I thought we did it like this because there were races otherwise with
PTE insertion and zapping? I don't remember well anymore.

I vaugely remember the address_space conversion might help remove the
fault handler?

Jason

Yan Zhao May 11, 2023, 6:56 a.m. UTC | #4

On Wed, May 10, 2023 at 05:41:06PM -0300, Jason Gunthorpe wrote:
> On Mon, May 08, 2023 at 02:57:15PM -0600, Alex Williamson wrote:
> 
> > We already try to set the flags in advance, but there are some
> > architectural flags like VM_PAT that make that tricky.  Cedric has been
> > looking at inserting individual pages with vmf_insert_pfn(), but that
> > incurs a lot more faults and therefore latency vs remapping the entire
> > vma on fault.  I'm not convinced that we shouldn't just attempt to
> > remove the fault handler entirely, but I haven't tried it yet to know
> > what gotchas are down that path.  Thanks,
> 
> I thought we did it like this because there were races otherwise with
> PTE insertion and zapping? I don't remember well anymore.
> 
> I vaugely remember the address_space conversion might help remove the
> fault handler?
>
What about calling vmf_insert_pfn() in bulk as below?
And what is address_space conversion?


diff --git a/drivers/vfio/pci/vfio_pci_core.c b/drivers/vfio/pci/vfio_pci_core.c
index a5ab416cf476..1476e537f593 100644
--- a/drivers/vfio/pci/vfio_pci_core.c
+++ b/drivers/vfio/pci/vfio_pci_core.c
@@ -1686,6 +1686,7 @@ static vm_fault_t vfio_pci_mmap_fault(struct vm_fault *vmf)
        struct vfio_pci_core_device *vdev = vma->vm_private_data;
        struct vfio_pci_mmap_vma *mmap_vma;
        vm_fault_t ret = VM_FAULT_NOPAGE;
+       unsigned long base_pfn, offset, i;

        mutex_lock(&vdev->vma_lock);
        down_read(&vdev->memory_lock);
@@ -1710,12 +1711,15 @@ static vm_fault_t vfio_pci_mmap_fault(struct vm_fault *vmf)
                        goto up_out;
        }

-       if (io_remap_pfn_range(vma, vma->vm_start, vma->vm_pgoff,
-                              vma->vm_end - vma->vm_start,
-                              vma->vm_page_prot)) {
-               ret = VM_FAULT_SIGBUS;
-               zap_vma_ptes(vma, vma->vm_start, vma->vm_end - vma->vm_start);
-               goto up_out;
+       base_pfn = (vmf->address - vma->vm_start) >> PAGE_SHIFT;
+       base_pfn += vma->vm_pgoff;
+       for (i = vma->vm_start; i < vma->vm_end; i += PAGE_SIZE) {
+               offset = (i - vma->vm_start) >> PAGE_SHIFT;
+               ret = vmf_insert_pfn(vma, i, base_pfn + offset);
+               if (ret != VM_FAULT_NOPAGE) {
+                       zap_vma_ptes(vma, vma->vm_start, vma->vm_end - vma->vm_start);
+                       goto up_out;
+               }
        }

        if (__vfio_pci_add_vma(vdev, vma)) {

Cédric Le Goater May 11, 2023, 7:32 a.m.
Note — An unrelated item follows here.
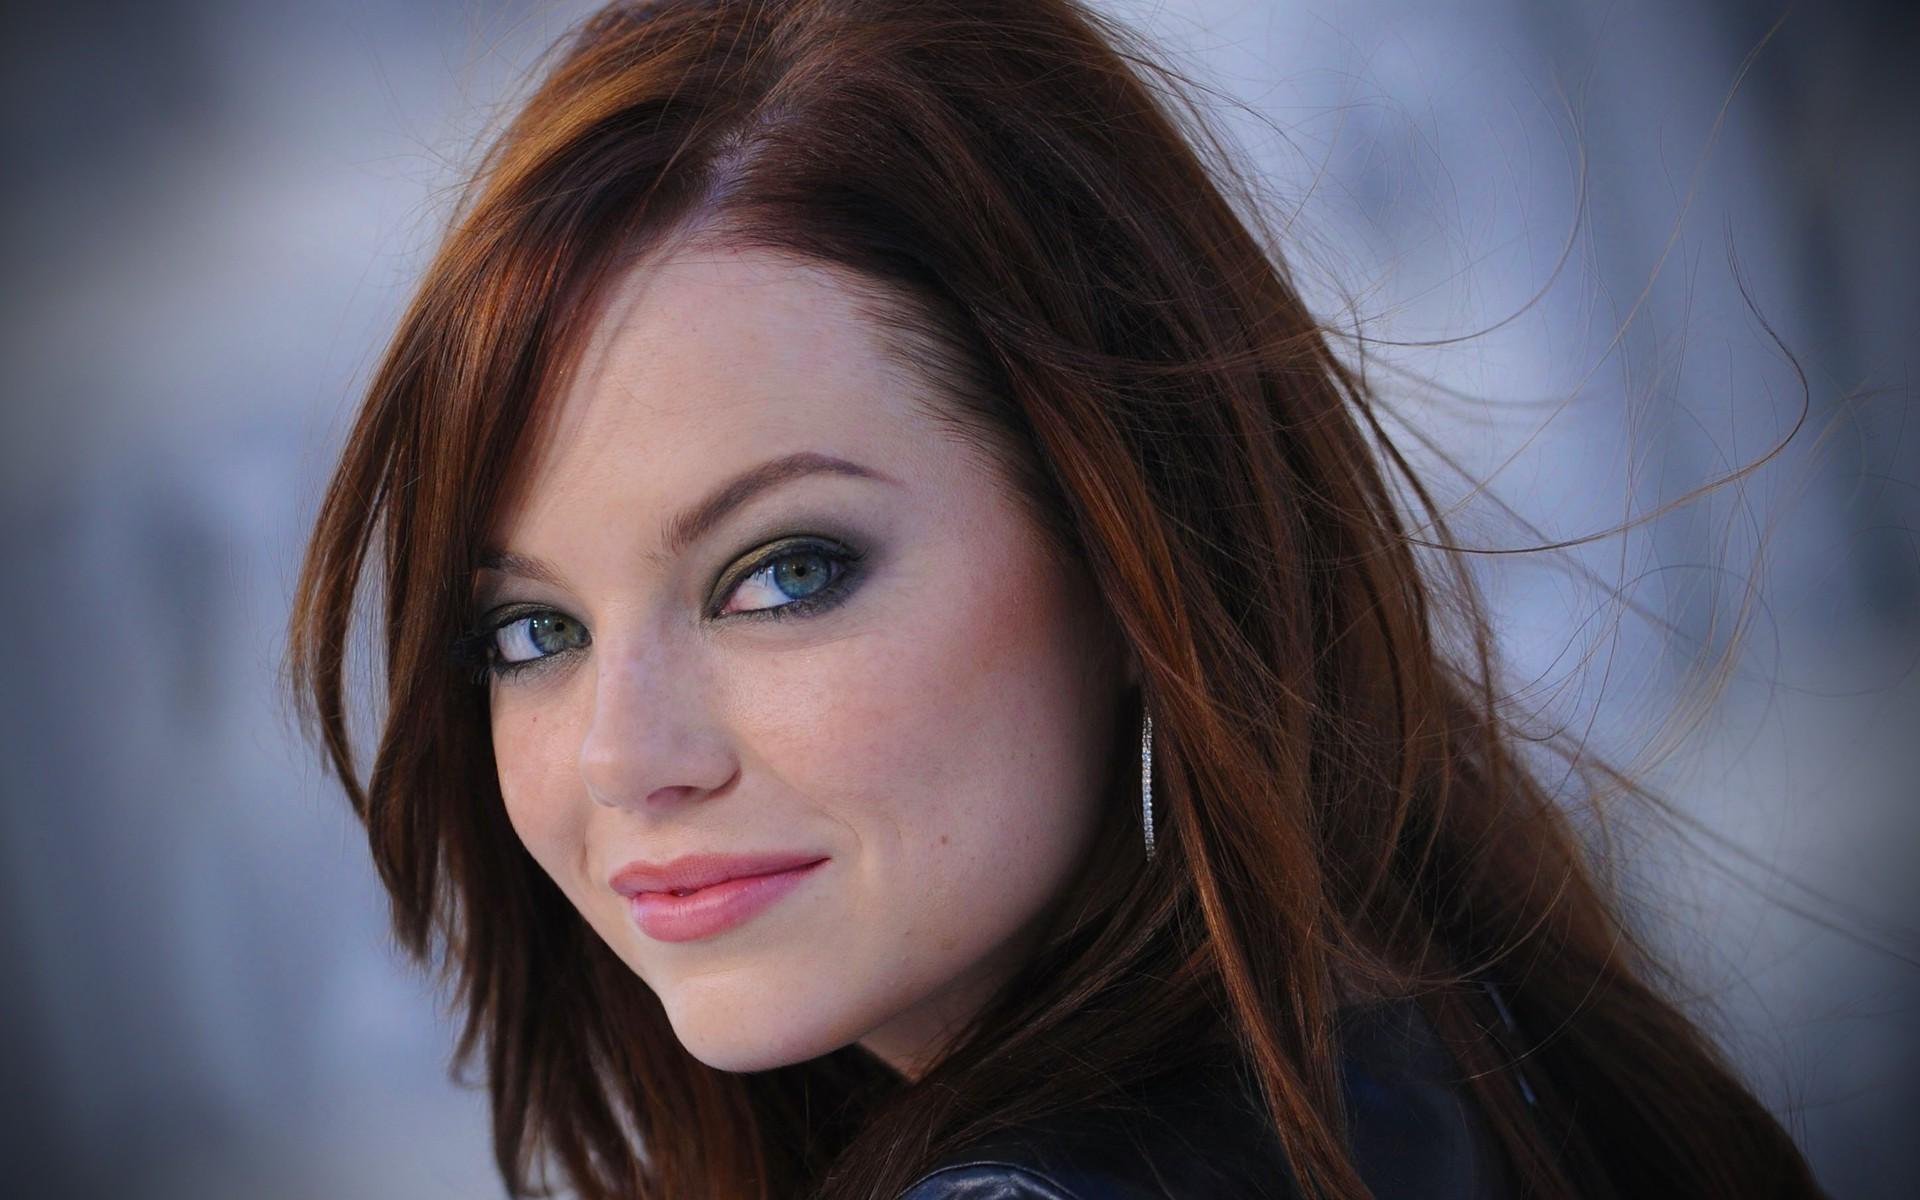 #EmmaStone | 4.30.14 | www.beautyvirtualdistributor.com | BVD | Trending  Today | Pinterest | Emma stone, Beautiful people and Famous people

UTC | #5

On 5/10/23 22:41, Jason Gunthorpe wrote:
> On Mon, May 08, 2023 at 02:57:15PM -0600, Alex Williamson wrote:
> 
>> We already try to set the flags in advance, but there are some
>> architectural flags like VM_PAT that make that tricky.  Cedric has been
>> looking at inserting individual pages with vmf_insert_pfn(), but that
>> incurs a lot more faults and therefore latency vs remapping the entire
>> vma on fault.  I'm not convinced that we shouldn't just attempt to
>> remove the fault handler entirely, but I haven't tried it yet to know
>> what gotchas are down that path.  Thanks,

OTOH I didn't see any noticeable slowdowns in the tests I did with
NICs, IGD and NVIDIA GPU pass-through. I lack devices with large
BARs though. If anyone has some time for it, here are commits :

   https://github.com/legoater/linux/commits/vfio

First does a one page insert and fixes the lockdep issues we are
seeing with the recent series:

   https://lore.kernel.org/all/20230126193752.297968-1-surenb@google.com/

Second adds some statistics. For the NVIDIA GPU, faults reach 800k.

Thanks,

C.

> I thought we did it like this because there were races otherwise with
> PTE insertion and zapping? I don't remember well anymore.
> 
> I vaugely remember the address_space conversion might help remove the
> fault handler?
> 
> Jason
>

Cédric Le Goater May 11, 2023, 7:38 a.m. UTC | #6

On 5/11/23 08:56, Yan Zhao wrote:
> On Wed, May 10, 2023 at 05:41:06PM -0300, Jason Gunthorpe wrote:
>> On Mon, May 08, 2023 at 02:57:15PM -0600, Alex Williamson wrote:
>>
>>> We already try to set the flags in advance, but there are some
>>> architectural flags like VM_PAT that make that tricky.  Cedric has been
>>> looking at inserting individual pages with vmf_insert_pfn(), but that
>>> incurs a lot more faults and therefore latency vs remapping the entire
>>> vma on fault.  I'm not convinced that we shouldn't just attempt to
>>> remove the fault handler entirely, but I haven't tried it yet to know
>>> what gotchas are down that path.  Thanks,
>>
>> I thought we did it like this because there were races otherwise with
>> PTE insertion and zapping? I don't remember well anymore.
>>
>> I vaugely remember the address_space conversion might help remove the
>> fault handler?
>>
> What about calling vmf_insert_pfn() in bulk as below?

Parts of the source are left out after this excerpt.